Per-task DWT cycle accounting
Opt-in cycle-accounting layer on top of src/sched.S. When you create
a task with task_create_traced instead of task_create, a tiny
trampoline samples DWT.CYCCNT around every invocation and updates
three per-task counters.
Driver: src/sched_stats.S. Defs in include/sched.inc.
If your application never calls task_create_traced, the entire
sched_stats module is dropped by --gc-sections and you pay zero bytes.
API
task_create_traced(r0=id, r1=fn, r2=prio) Like task_create, but routes
through _task_tramp_<id>.
task_stats_total(r0=id) -> r0 Cycles_total (sum across all calls)

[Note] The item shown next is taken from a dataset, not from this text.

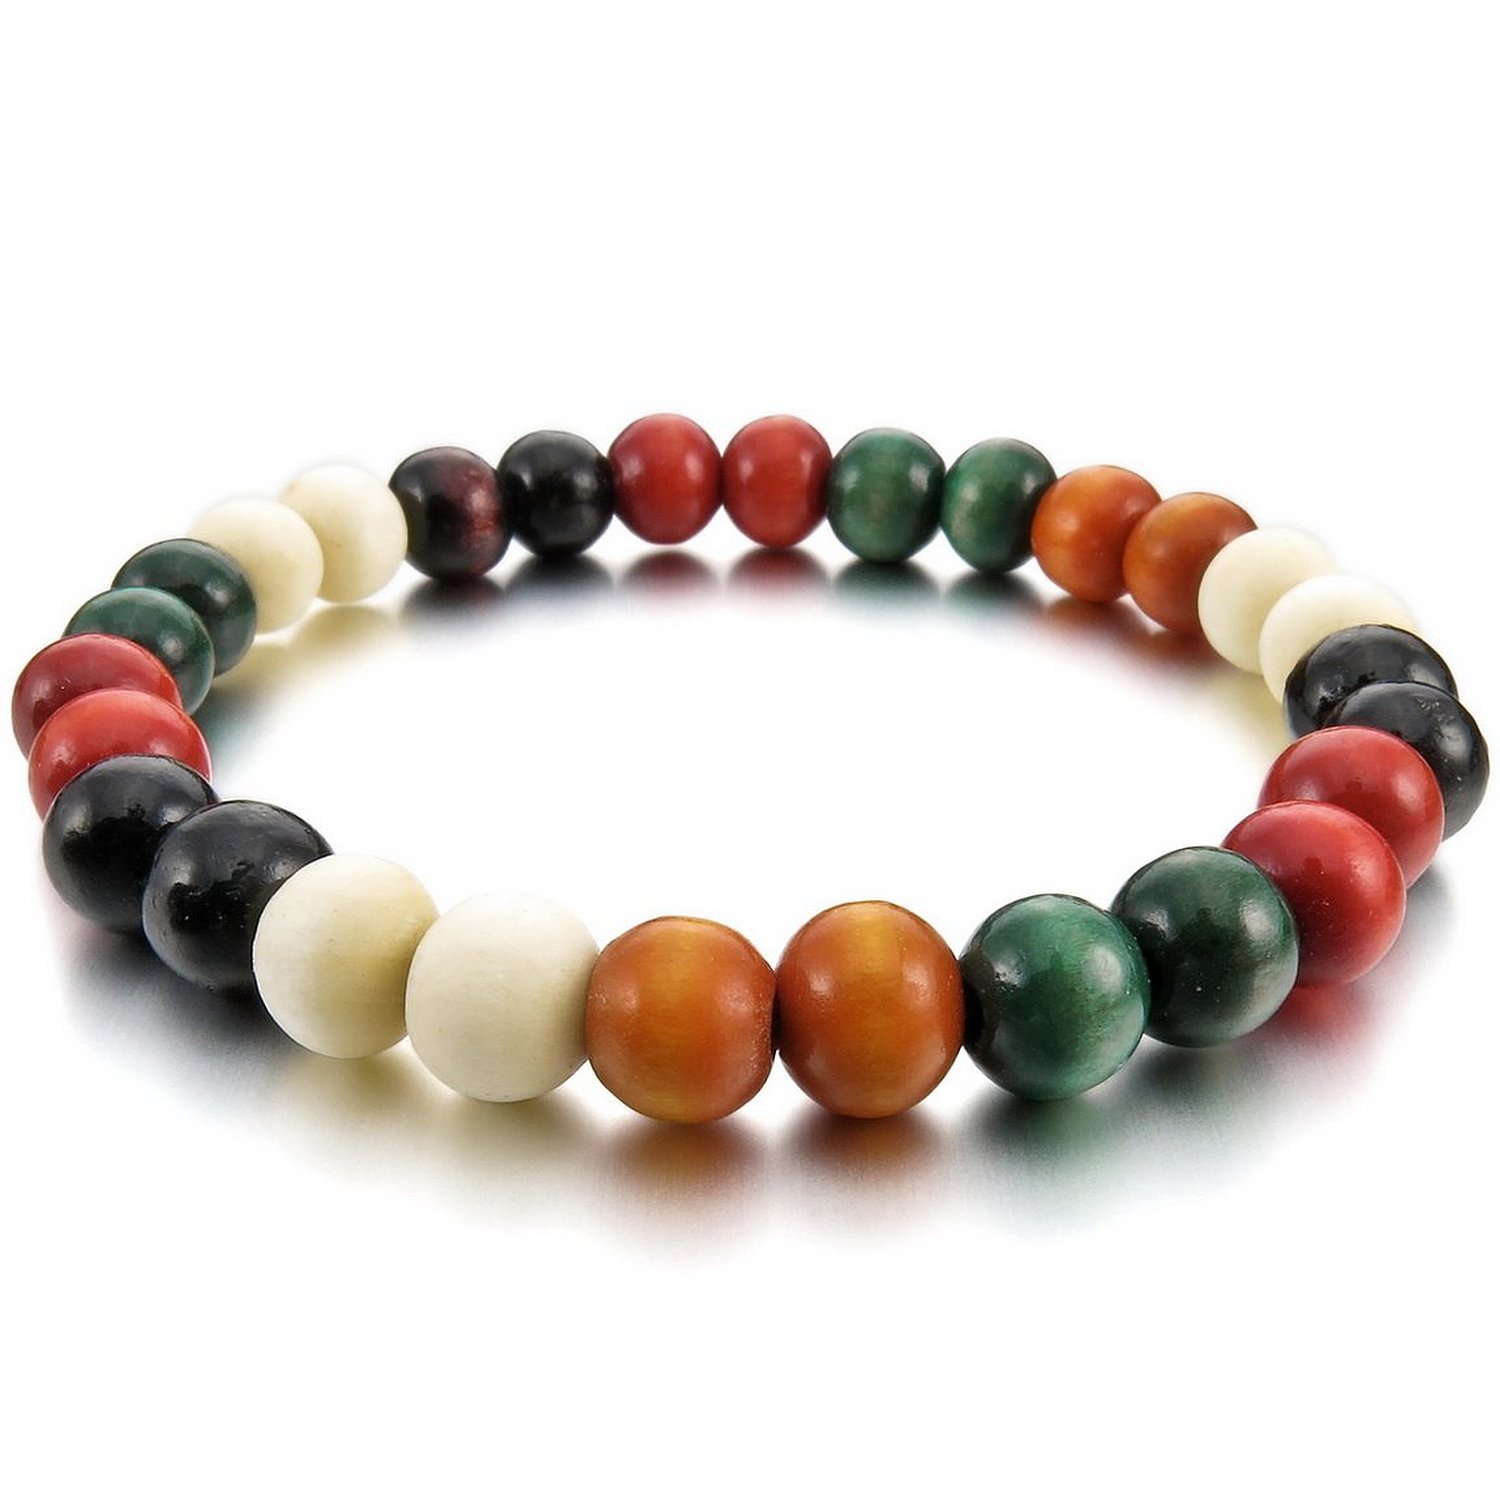 Bracelet bohème perles en bois blanc, marron, rouge et vert

task_stats_invocations(r0=id) -> r0 Number of times task has run
task_stats_max(r0=id) -> r0 Worst-case single-call cycles
task_stats_reset(r0=id) Zero counters; preserve fn
task_stats_reset_all Zero counters for every slot
The global task_stats[] array (8 × 16-byte slots, in .data) is
exposed for tools that want to dump everything at once.
How much it costs
Per traced invocation, on top of the task body's own runtime:
| Step | Cycles |
|---|---|
Trampoline prologue (push) |
2 |
| Read CYCCNT (t0) | 2 |
ldr user fn + blx |
4 |
| Read CYCCNT (t1) | 2 |
| Update cycles_total | 4 |
| Update invocations | 4 |
| Update max_cycles | ~4 |
Trampoline epilogue (pop) |
3 |
| Per-call overhead | ~25 cycles |
That's the entire price you pay for live cycle accounting.
Quick start
.equ T_BLINK, 0
bl sched_init
@ Install with tracing
movs r0, #T_BLINK
ldr r1, =blink_task_body
movs r2, #0x00
bl task_create_traced
@ ... post / sched_run as usual ...
@ Later: dump stats
movs r0, #T_BLINK
bl task_stats_total @ r0 = cycles consumed
movs r0, #T_BLINK
bl task_stats_max @ r0 = worst-case
Use cases
-
Find your hot task. Run for 10 s, dump
task_stats_total(id)for every task, compare. The one with the biggest number is where your cycles are going. -
Catch a runaway worst-case. A task that normally runs in 100 cycles but occasionally spikes to 50 000 shows up immediately in
task_stats_max. The total/invocations average would hide it. -
Verify a refactor. Before:
total = X. After:total = X / 2. You know your optimisation worked. -
Production telemetry. Every minute, push the stats over UART or ITM (cheaper than logs). Reset, repeat. You now have a real-time dashboard of task health.
Caveats
task_stats_reset_alldoes NOT zero the fn slots. To fully clear a slot before re-registering a different fn, just calltask_create_tracedagain; it overwrites the fn pointer.- The counters are 32-bit.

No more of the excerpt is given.